Template 2.1 – Statement of terms and conditions of employment (contract of employment)

Final pay/records

Salary and pay records

Once your employee leaves your employment, you need to ensure that he or she receives all monies owed to him or her, including any outstanding expenses incurred just prior to his or her departure.

You need to retain records of pay for three years by law from the end of the tax year they relate to. These may be required at a later date by HMRC or the Department of Work and Pensions (DWP).

Personnel records

Under the General Data Protection Regulation (GDPR) 2018, personal information should not be retained ‘for longer than is necessary’.

Upon your employee’s departure, you should review the information in his or her personnel record, retaining only that which is relevant. Documentation must be securely disposed of, for example by shredding.

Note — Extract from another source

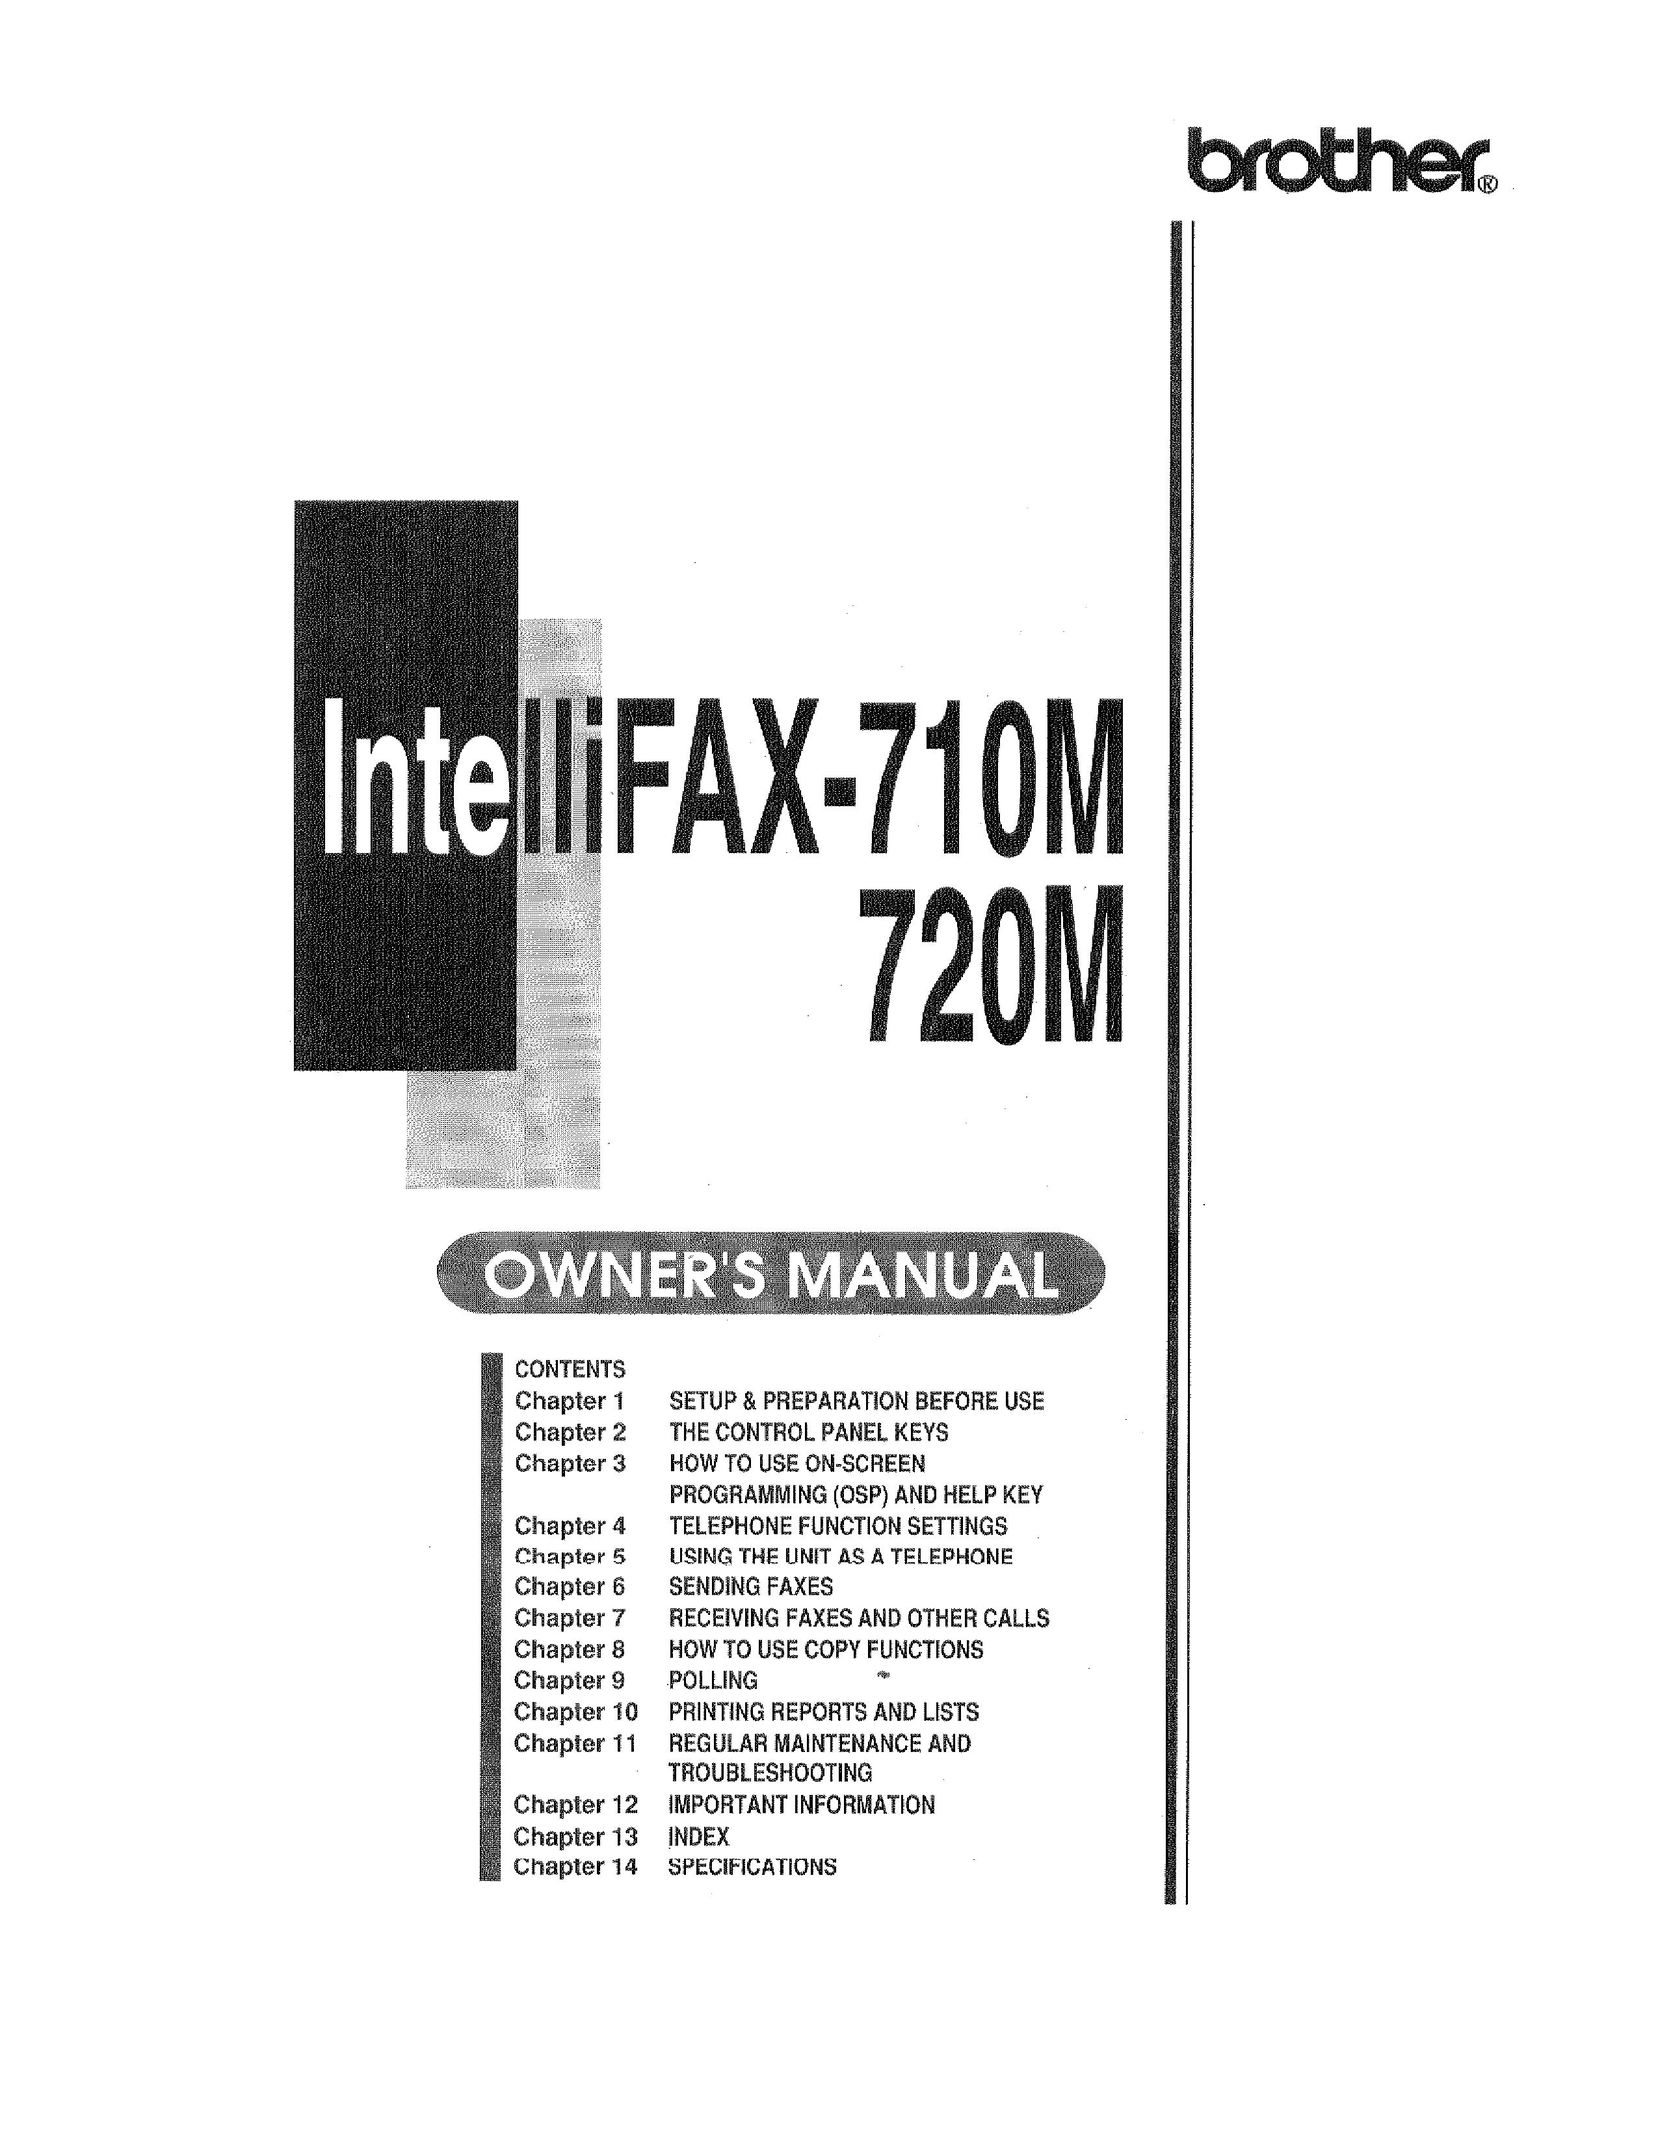 Brother 710M Fax Machine User Manual

Note: An ex-employee can make a claim for redundancy pay after the dismissal in some circumstances. Similarly, injuries or medical conditions arising from employment with you may not become evident until later in an ex-employee’s life, meaning that insurance claims for these can sometimes be received many years later.

Garden leave

‘Garden leave’ is the term given to a situation whereby an employee is required to serve out a period of notice at home. During this period, the employee continues to receive all salary and benefits, but is prohibited from commencing employment with a new employer until the period of garden leave has expired.

It is a practice that employers often adopt with employees who have a certain status whereby they have access to confidential information or customers, and where they are leaving to join a competitor. During the period of garden leave, the employee’s access to such information or customers is either restricted or denied.

Note: You cannot enforce a period of garden leave if you do not explicitly state this as your policy in your contract of employment.